Warum soll alles konstruiert sein, wenn wir Wesen sind die langsam durch Evolution entstanden sind und wir ganz klassisch in das Schema passen, dass sich auch bei anderen Säugetieren und Primaten findet? Was ist überhaupt der Beleg dafür, dass alles konstruiert ist? Wie kann die genderfeministische Theorie die Zwillingsexperimente erklären, wie den Zusammenhang von Transsexualität mit Hormonrezeptoren?

Nerds sind nicht dafür bekannt, soziale Ansichten nachzubeten. Sie sind dafür bekannt logisch an eine Sache heranzugehen und sie im Detail auseinanderzunehmen. Diese Möglichkeit bietet euch die normale Foschung im Geschlechterbereich.
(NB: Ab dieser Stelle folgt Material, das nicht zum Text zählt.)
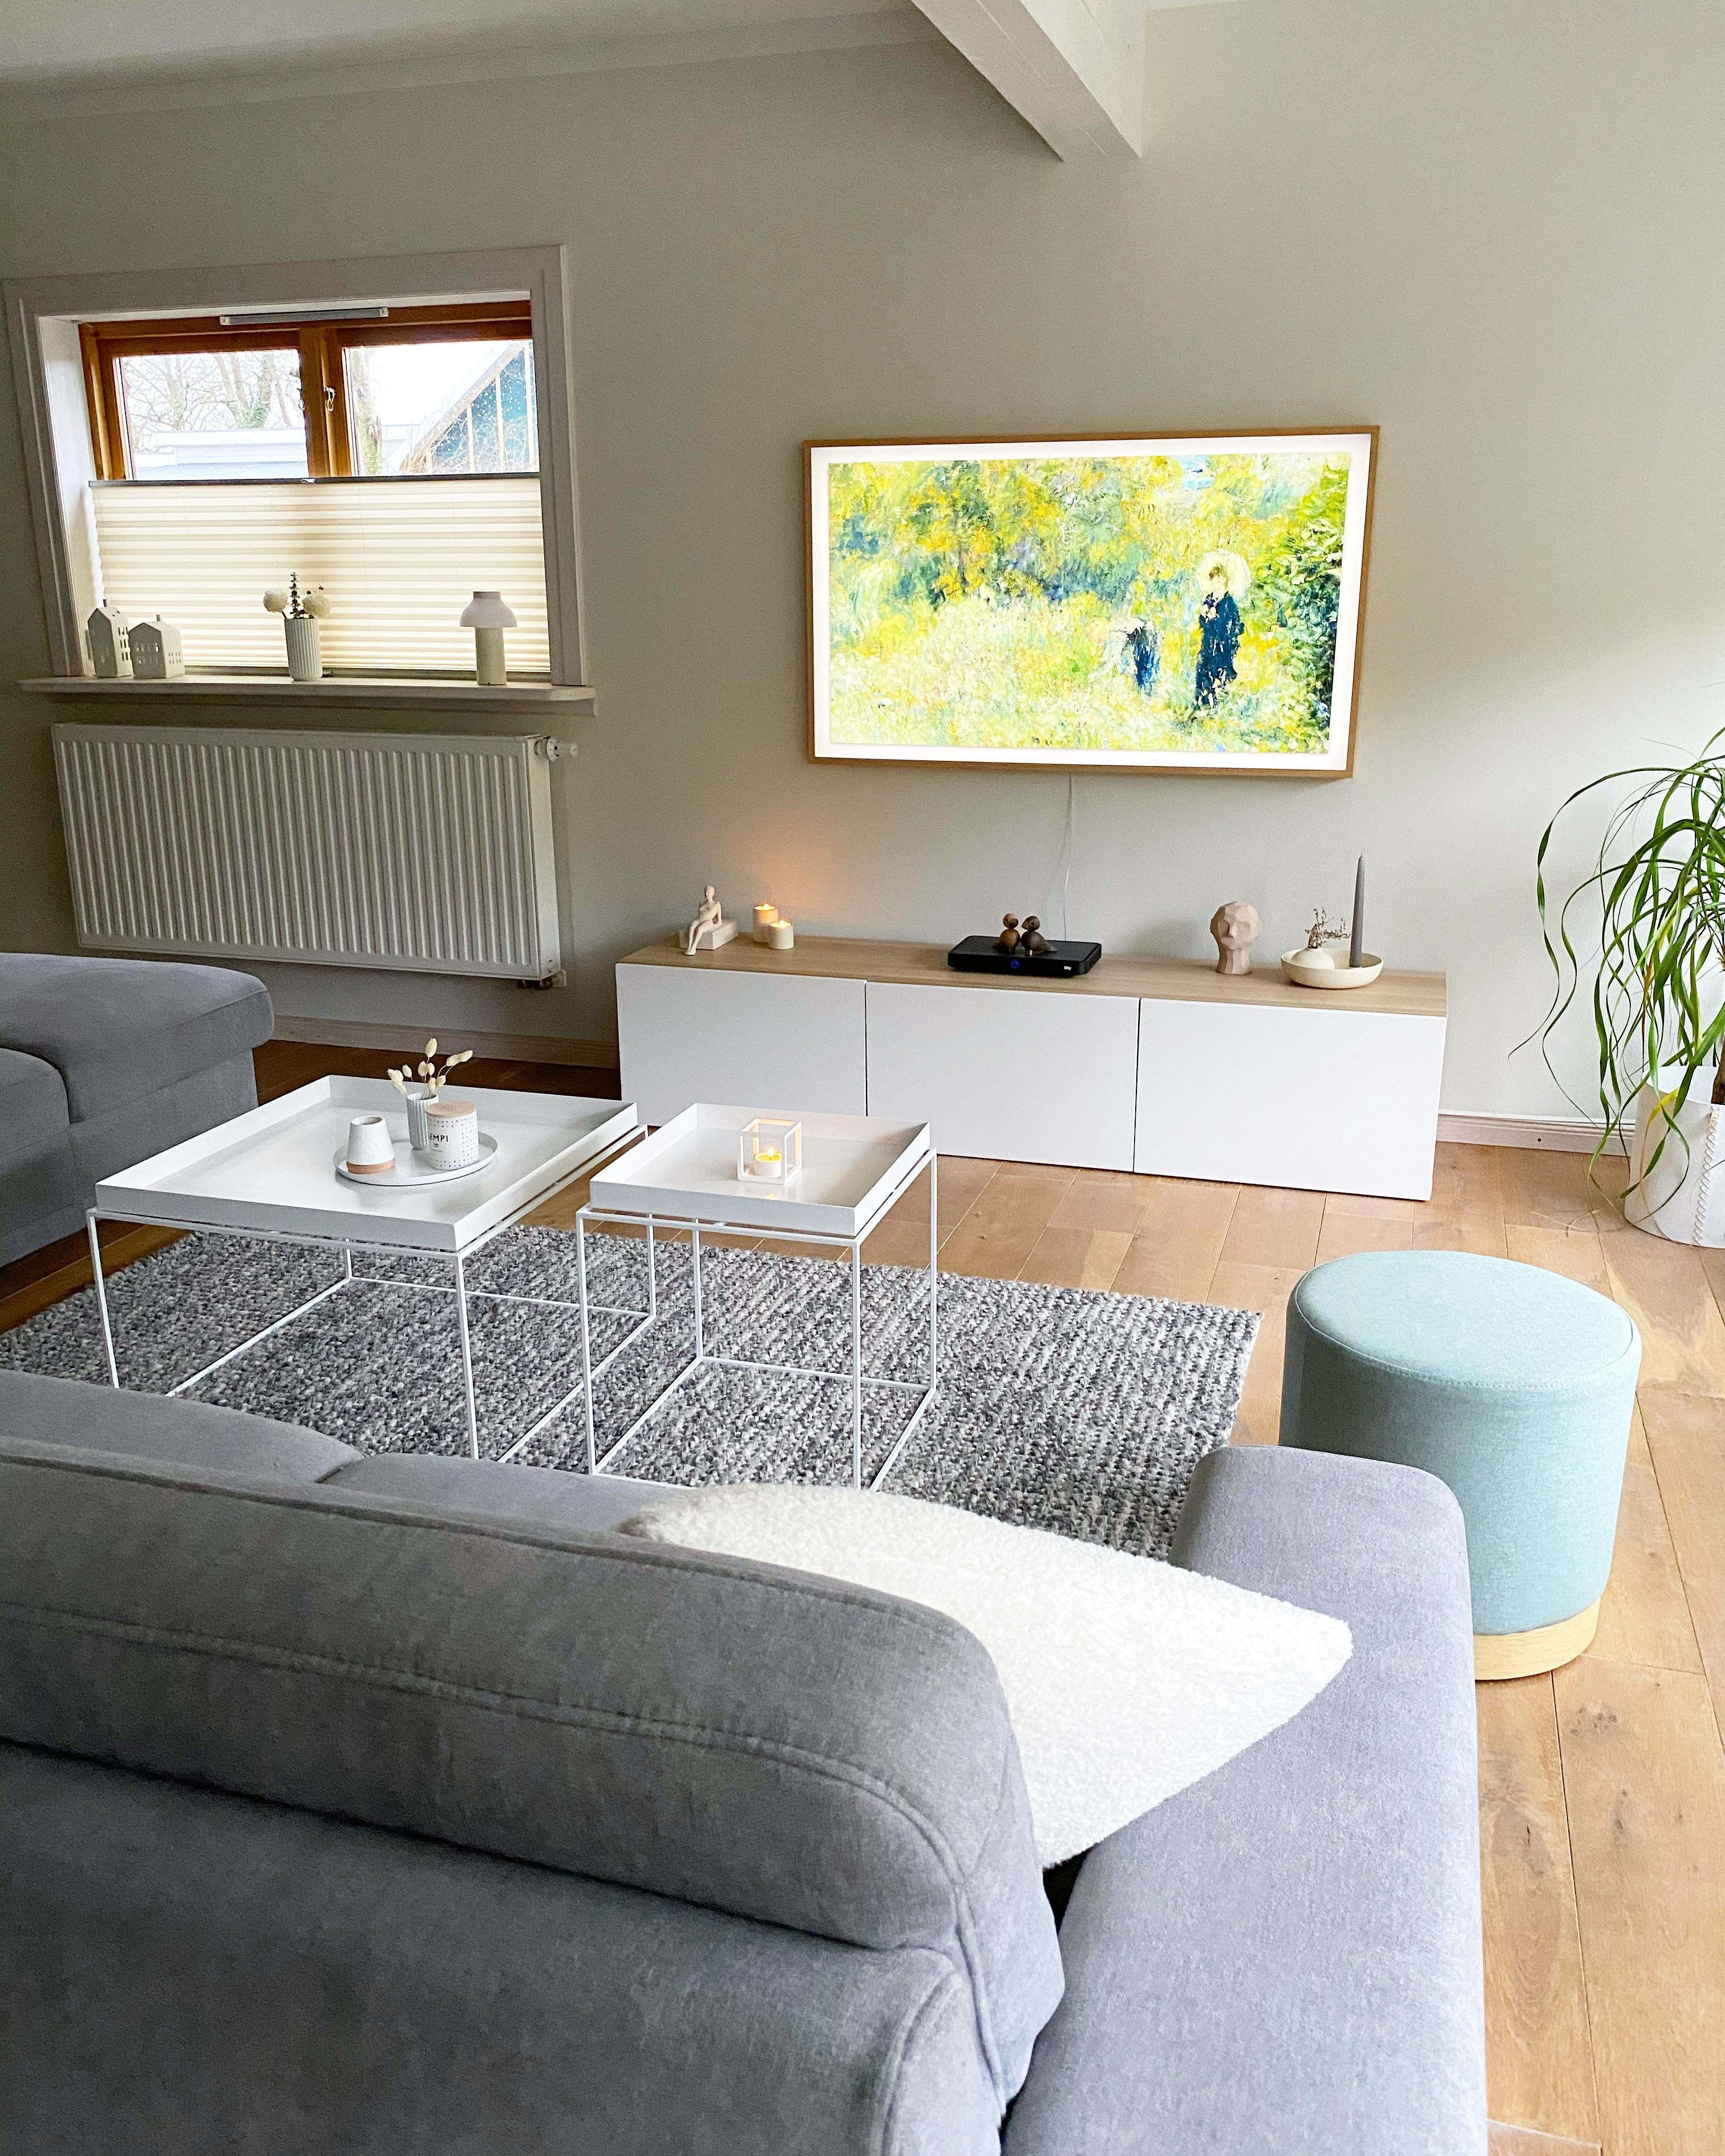 Unsere Kuscheldecke #sofa #wohnzimmer #livingroom

Die logischen Abwägungen der Sexual Strategies Theory sind nerdy, die abstrakte Betrachung von Schönheit als Attraktivitätsmerkmale ist nerdy, die Nachweise für die Red Queen Theory über Zwitterfische und ihre Geschlechterwahl ist nerdy.
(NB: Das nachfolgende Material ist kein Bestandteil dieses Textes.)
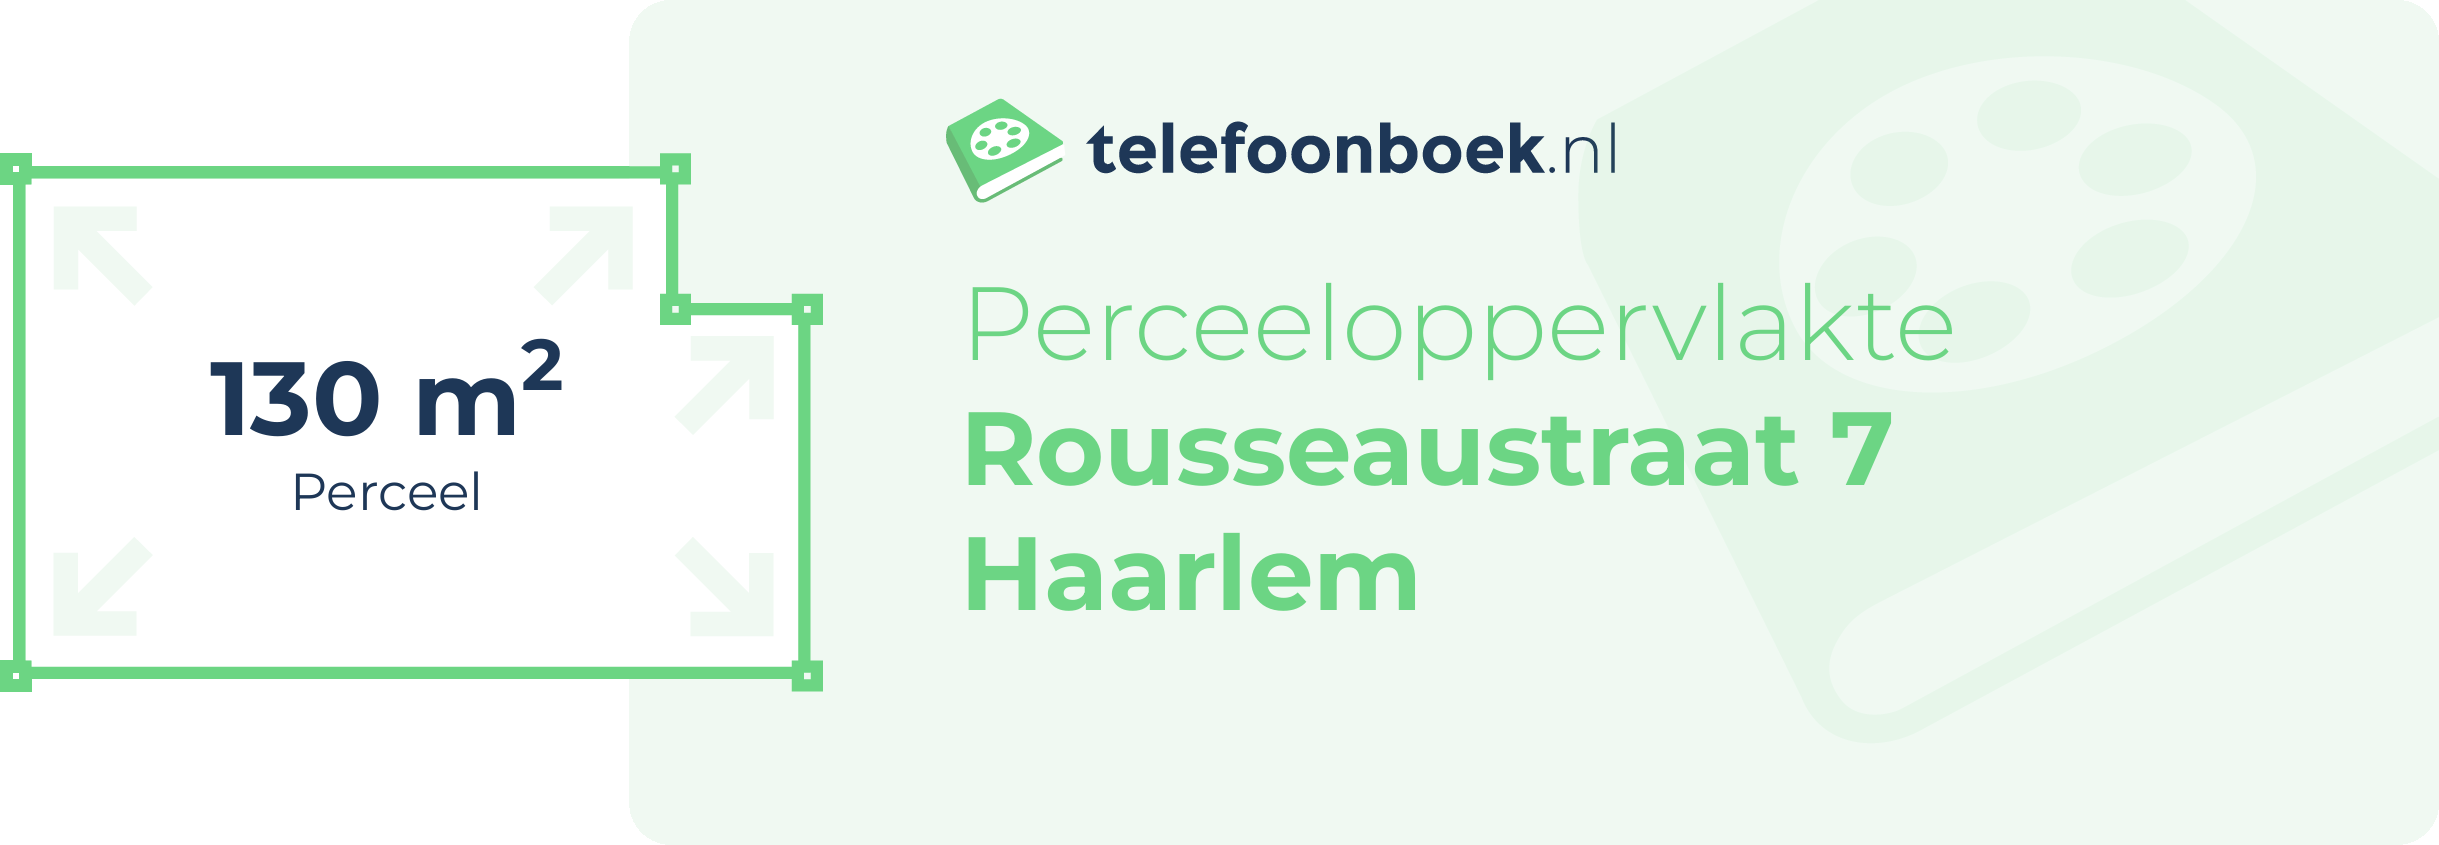 Perceeloppervlakte Rousseaustraat 7 Haarlem

Wer wäre ein besserer Beleg als Sheldon Cooper selbst:

Sheldon Cooper: New topic. Where are you in your menstrual cycle?

Penny: What?

Sheldon Cooper: I’ve been doing some research online, and apparently female primates, you know, uh… Apes, chimpanzees, you… They find their mate more desirable when he’s being courted by another female. Now, this effect is intensified when the rival female is secreting the pheromones associated with ovulation. Which brings me back to my question, where are you in…?
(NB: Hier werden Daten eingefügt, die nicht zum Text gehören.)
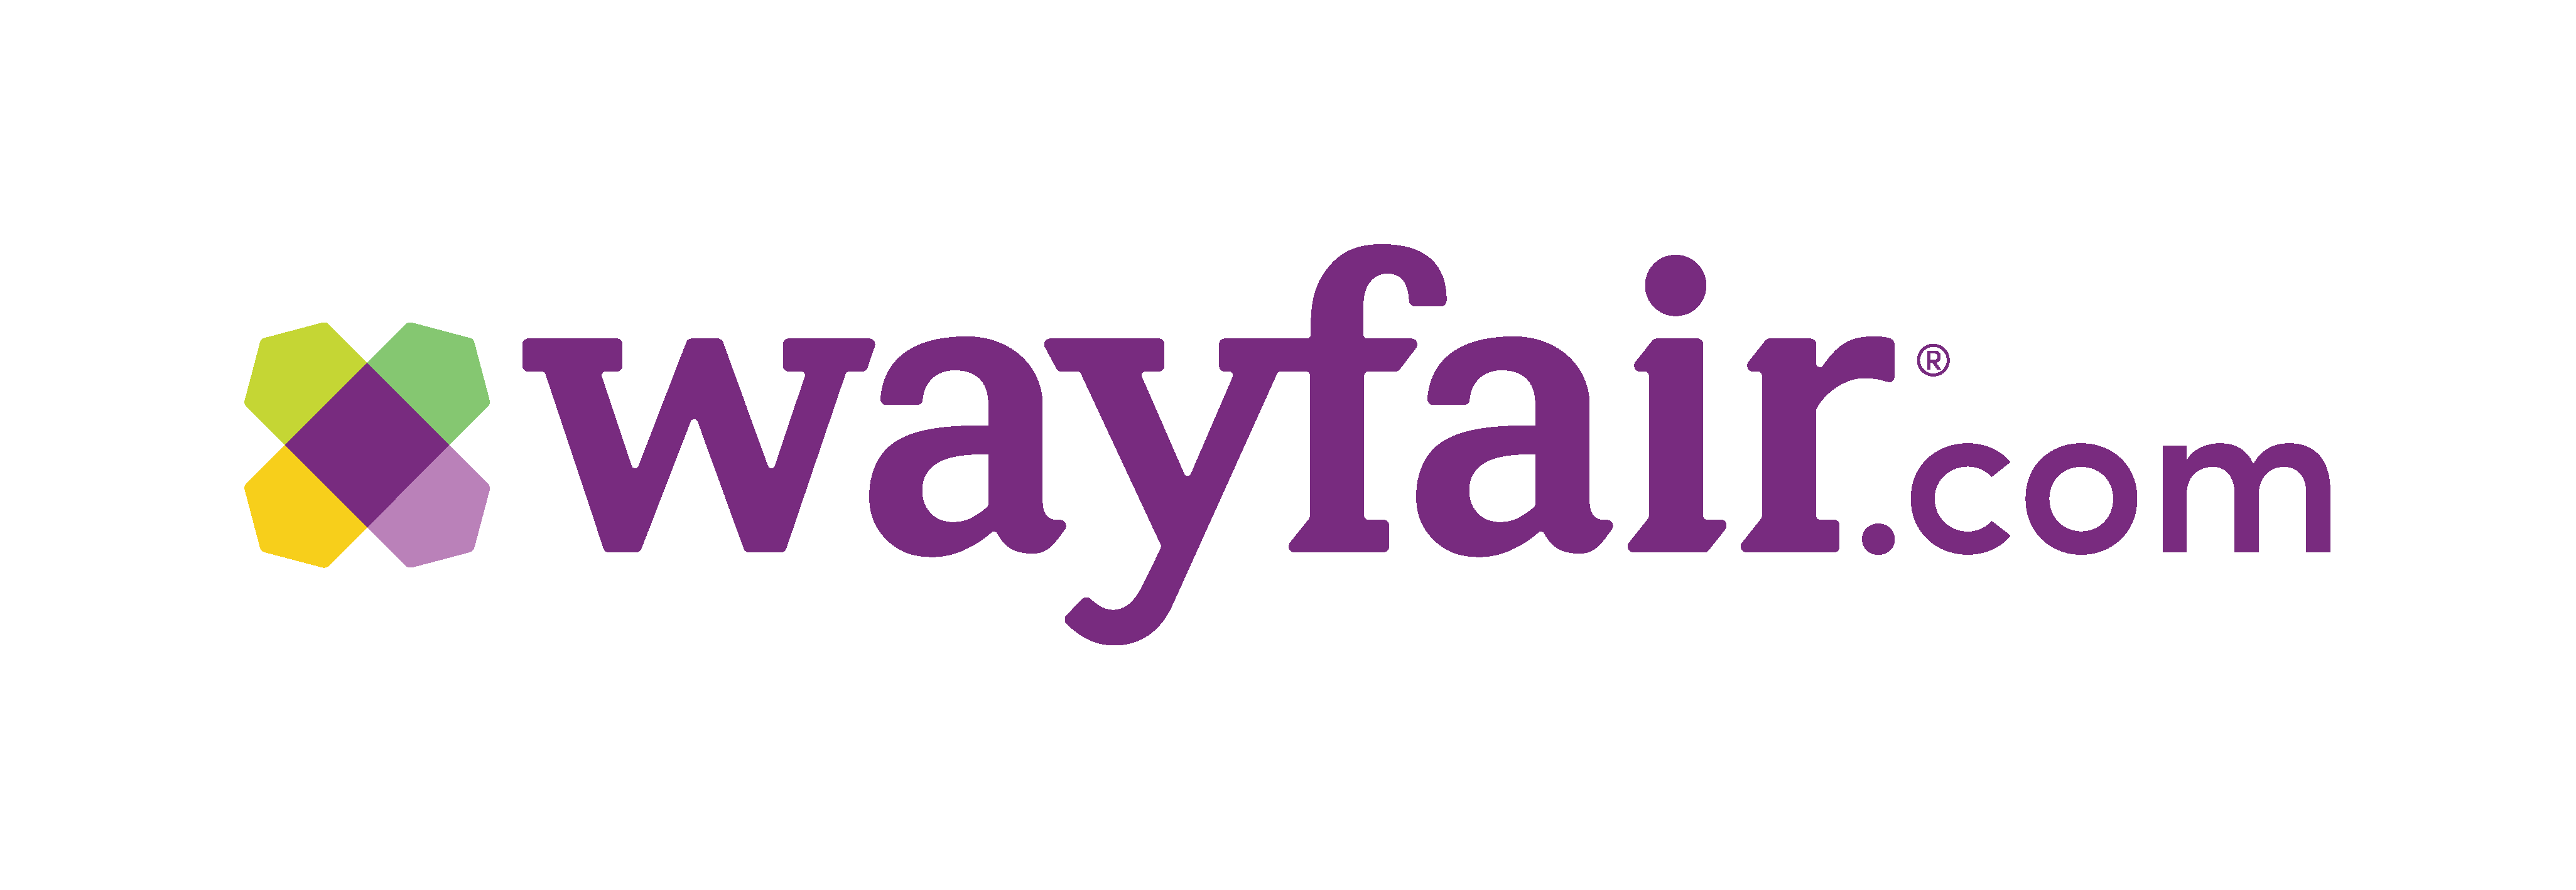 Wayfair Logo - Wayfair Logos

[Penny slams the door in his face]

Sheldon Cooper: Clearly, I’m 14 days too early

Die meisten von euch werden eh eher Dawkins lesen als Butler. Ihr müßt euch nur bewußt machen, wie sehr sich die beiden widersprechen.

Auch die Sokal-Affäre sollte euch näher sein als der Poststrukturalismus. Ihr glaubt nicht, dass der Mond der Hintern einer dicken Frau ist und würdet auch insoweit nicht auf eine Diskursanalyse, sondern auf Wissenschaft verlassen.

Es ist Zeit den Genderfeminismus mit spockscher Logik zu betrachten und festzustellen, dass er keine Grundlage hat und gegen wissenschaftliche moderne Feststellungen verstößt. Und das dann auch darzulegen.

Ihr seid in vielen Fällen genau der Nachweis, dass Männer nicht privilegiert sind. Weil Nerds genug gesellschaftliche Ausgrenzung erfahren und die Vorteile von Frauen in der Gesellschaft nur zu deutlich wahrnehmen. Weil ihr die Friendzone kennt. Lasst euch nicht einlullen von unlogischen Betrachtungen über Geschlechter.

Und keine Angst, das bedeutet nicht, dass ihr ein veraltetes Frauenbild vertreten müßt. Lasst euch keine Strohmänner entgegen stellen, die Biologie ist bezüglich der Einzelperson nicht festgelegt und flexibel.

Lasst euch euren Postgenderansatz nicht ausreden: Sein lassen ist ein guter Weg um den Geschlechtern gerecht zu werden, während verzweifelte Quoten nur zu Ungerechtigkeiten führen.

Fragt euren Kegelclub nach den Grundlagen, die üblicherweise nicht mehr behandelt werden dürfen. Fragt sie nach männlichen und weiblichen Privilegien, danach wie Sprache so allmächtig werden kann, fragt sie zur Wissenschaftsfeindlichkeit ihrer Theorien, fragt sie was eigentlich die Kernargumente sind, mit denen Butler ihre Ansicht begründet. Fragt sie, wie die Queertheorie mit sexueller Selektion vereinbar ist.

Ihr seid eine Partei der Hinterfragung und der Transparenz. Lasst nicht zu, dass auch bei euch einfach „Biologismus“ gerufen wird um eine Ideologie abzusichern!

Wer gegen die Auswirkungen verschiedener Spielarten des Feminismus ist, insbesondere den Genderfeminismus, der ist nicht frauenfeindlich. Haltet diesen Ausführungen lieber den Equityfeminismus entgegen, der für Gleichberechtigung ist, aber nicht für krampfhafte Gleichstellung über alle Unterschiede hinweg.

Er ist besser mit eurem Postgenderansatz vereinbar.